Perhaps I am being dramatic. I must confess I have a birthday coming up, and while I still picture myself as 23, I am told this will be my 25th. Shouldn’t I be really wise and independent by this age? Shouldn’t I have my life plans figured out?
Nahhhhhh.
At least I have my weekend plans oriented… 
salted cocoa brownies with toasted pecans
food is my love language and my favorite way to say thank you



10 tablespoons (1 ¼ sticks) unsalted butter

1 ¼ cups sugar
¾ cup plus 2 tablespoons unsweetened cocoa powder (natural or Dutch-process)
½ teaspoon salt
1 teaspoon pure vanilla extract
2 cold large eggs
½ cup all-purpose flour
¾ cup walnut or pecans, or mix of both

Position a rack in the lower third of the oven and preheat the oven to 325°F. Line the bottom and sides of the baking pan with parchment paper, leaving an overhang on two opposite sides.
Combine the butter, sugar, cocoa, and salt in a medium heatproof bowl and set the bowl over a double broiler.

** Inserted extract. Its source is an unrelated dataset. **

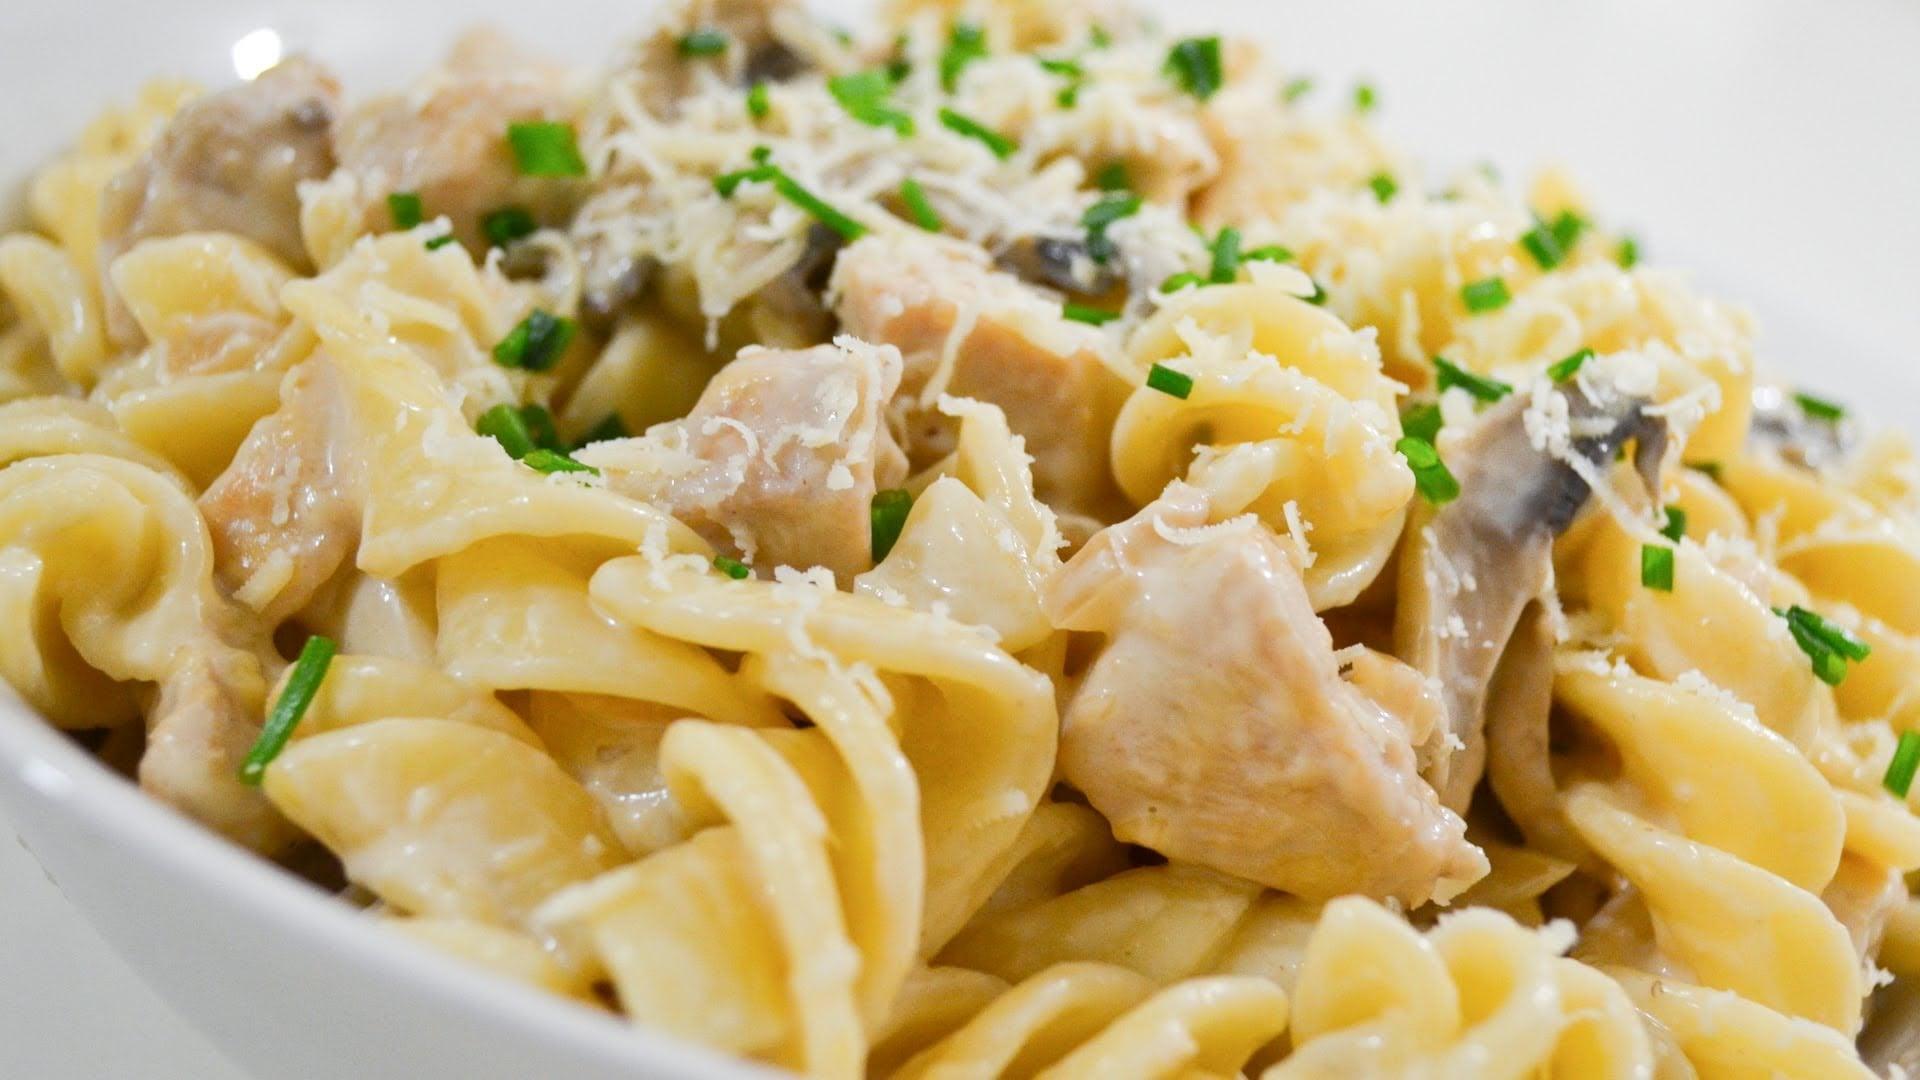 Спагетти со сливочным соусом и курицей рецепт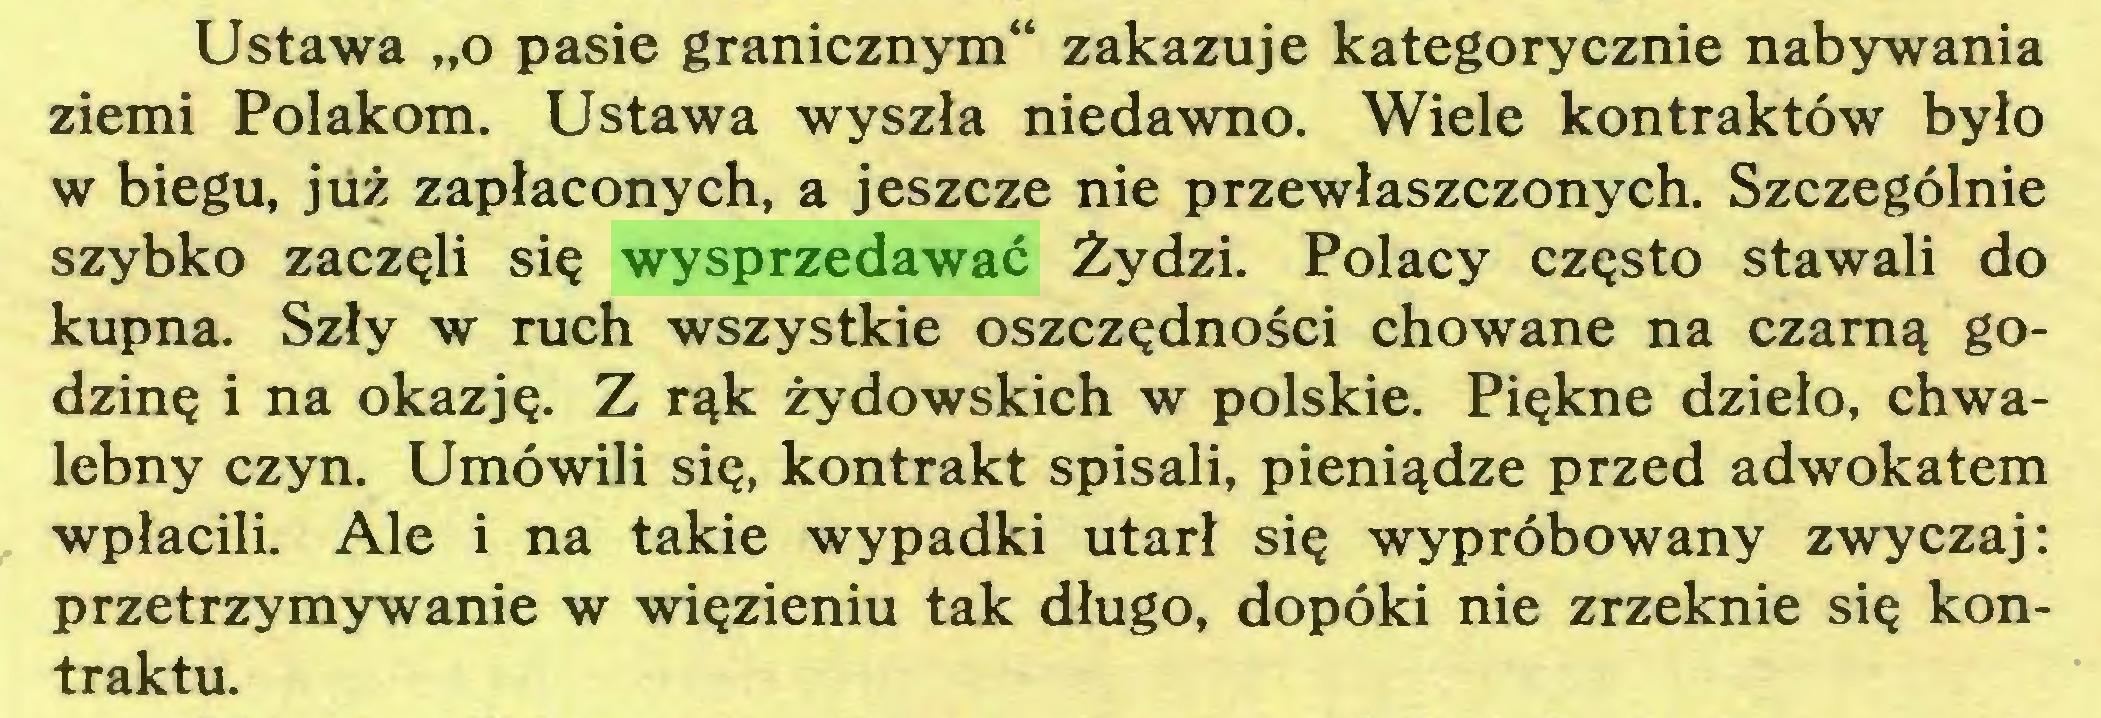 """(...) Ustawa """"o pasie granicznym"""" zakazuje kategorycznie nabywania ziemi Polakom. Ustawa wyszła niedawno. Wiele kontraktów było w biegu, już zapłaconych, a jeszcze nie przewłaszczonych. Szczególnie szybko zaczęli się wysprzedawać Żydzi. Polacy często stawali do kupna. Szły w ruch wszystkie oszczędności chowane na czarną godzinę i na okazję. Z rąk żydowskich w polskie. Piękne dzieło, chwalebny czyn. Umówili się, kontrakt spisali, pieniądze przed adwokatem wpłacili. Ale i na takie wypadki utarł się wypróbowany zwyczaj: przetrzymywanie w więzieniu tak długo, dopóki nie zrzeknie się kontraktu..."""

Stir from time to time until the butter is melted and the mixture is smooth and hot enough that you want to remove your finger fairly quickly after dipping it in to test. Remove the bowl from the skillet and set aside briefly until the mixture is only warm, not hot.
Stir in the vanilla with a wooden spoon. Add the eggs one at a time, stirring vigorously after each one. When the batter looks thick, shiny, and well blended, add the flour and stir until you cannot see it any longer, then beat vigorously for 40 strokes with the wooden spoon or a rubber spatula. Stir in the nuts, if using. Spread evenly in the lined pan.
Bake until a toothpick plunged into the center emerges slightly moist with batter, 20 to 25 minutes. Let cool completely on a rack.
Lift up the ends of the parchment or foil liner, and transfer the brownies to a cutting board. Cut into 16 or 25 squares.